Input data:
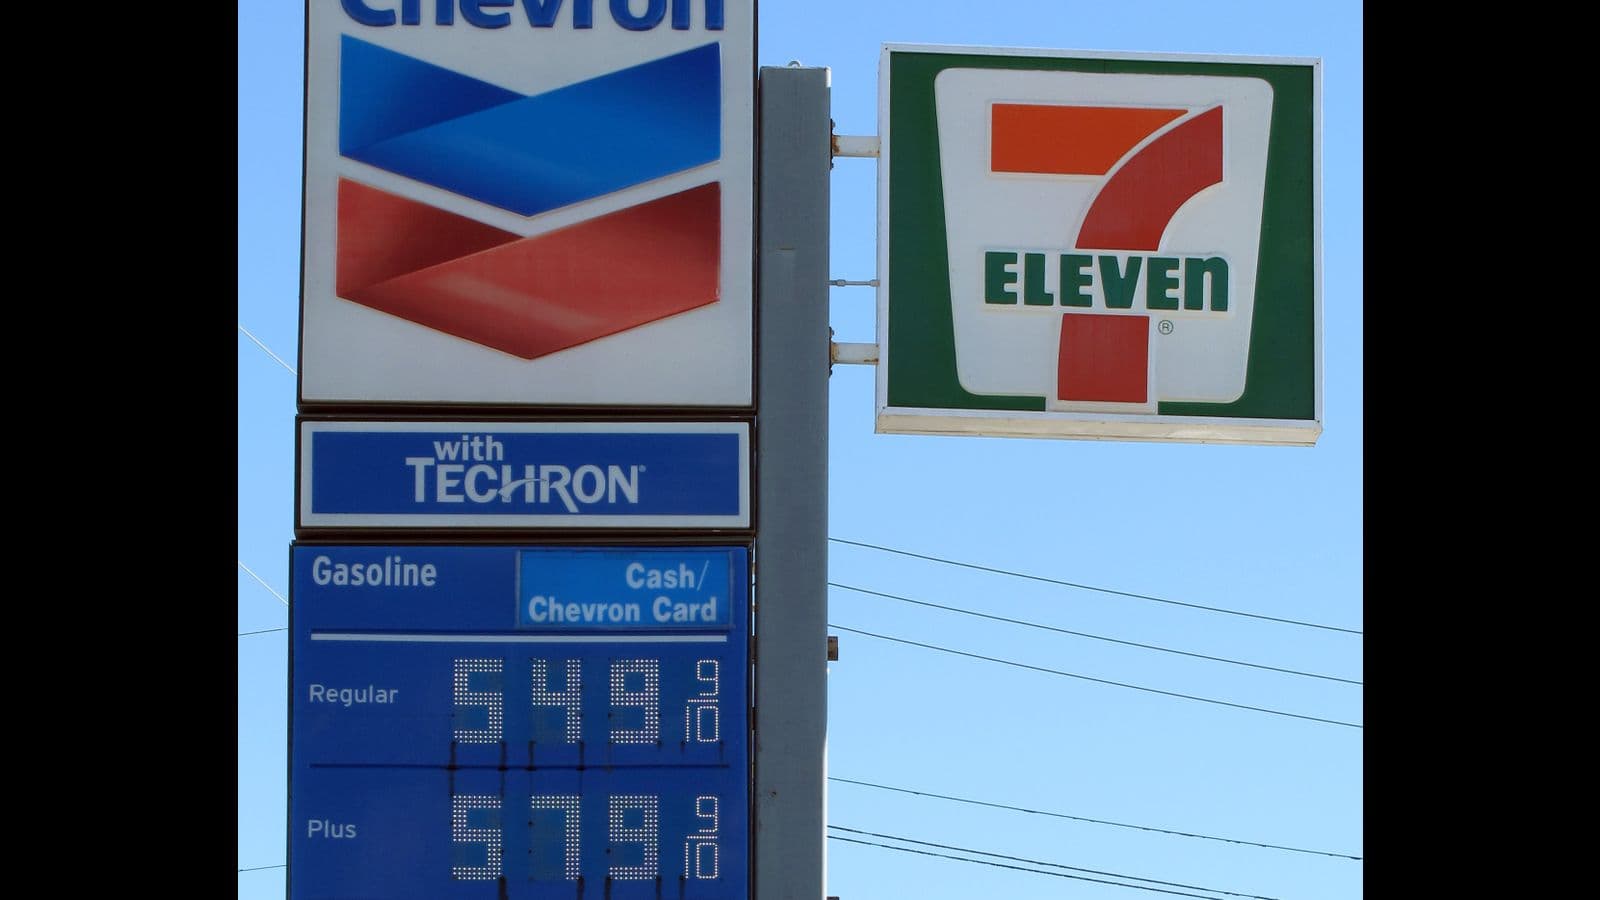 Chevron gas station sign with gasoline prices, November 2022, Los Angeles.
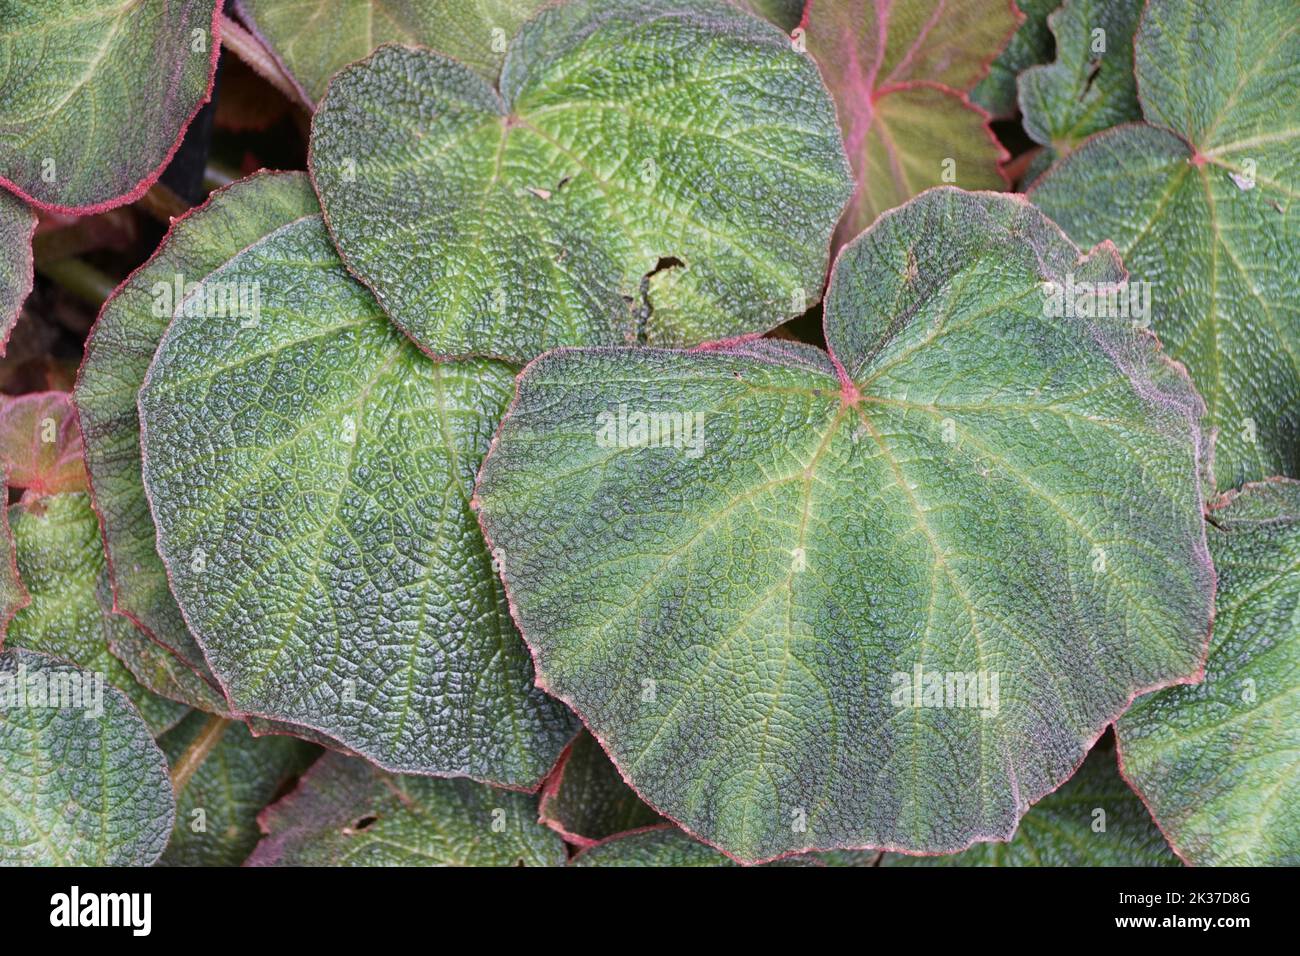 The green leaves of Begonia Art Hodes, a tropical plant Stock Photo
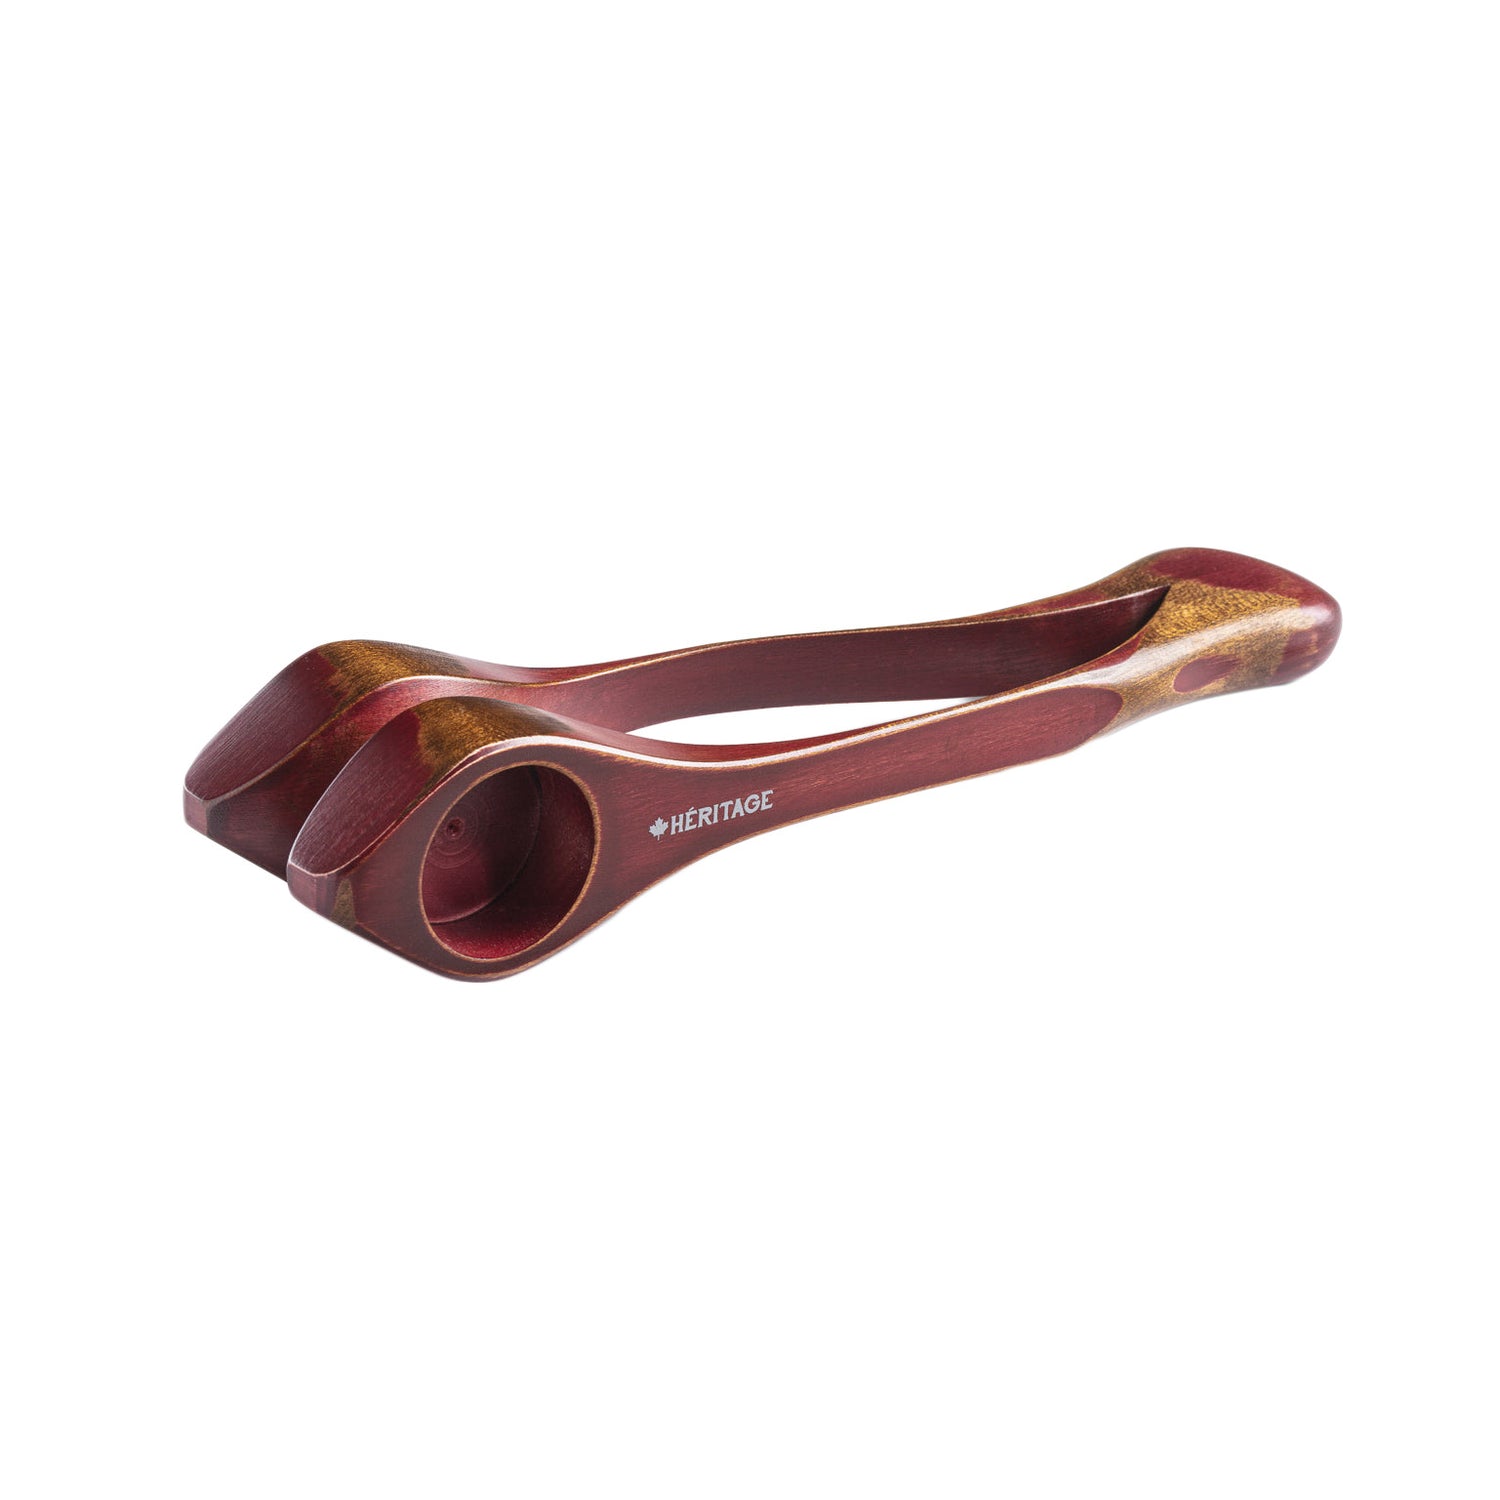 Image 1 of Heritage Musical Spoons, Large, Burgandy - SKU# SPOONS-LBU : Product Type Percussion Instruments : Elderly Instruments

Work to be completed:
Could you copy the data above exactly, leaving the pictures out?

Completed task:
 Chevron gas station sign with gasoline prices, November 2022, Los Angeles.
 The green leaves of Begonia Art Hodes, a tropical plant Stock Photo
 Image 1 of Heritage Musical Spoons, Large, Burgandy - SKU# SPOONS-LBU : Product Type Percussion Instruments : Elderly Instruments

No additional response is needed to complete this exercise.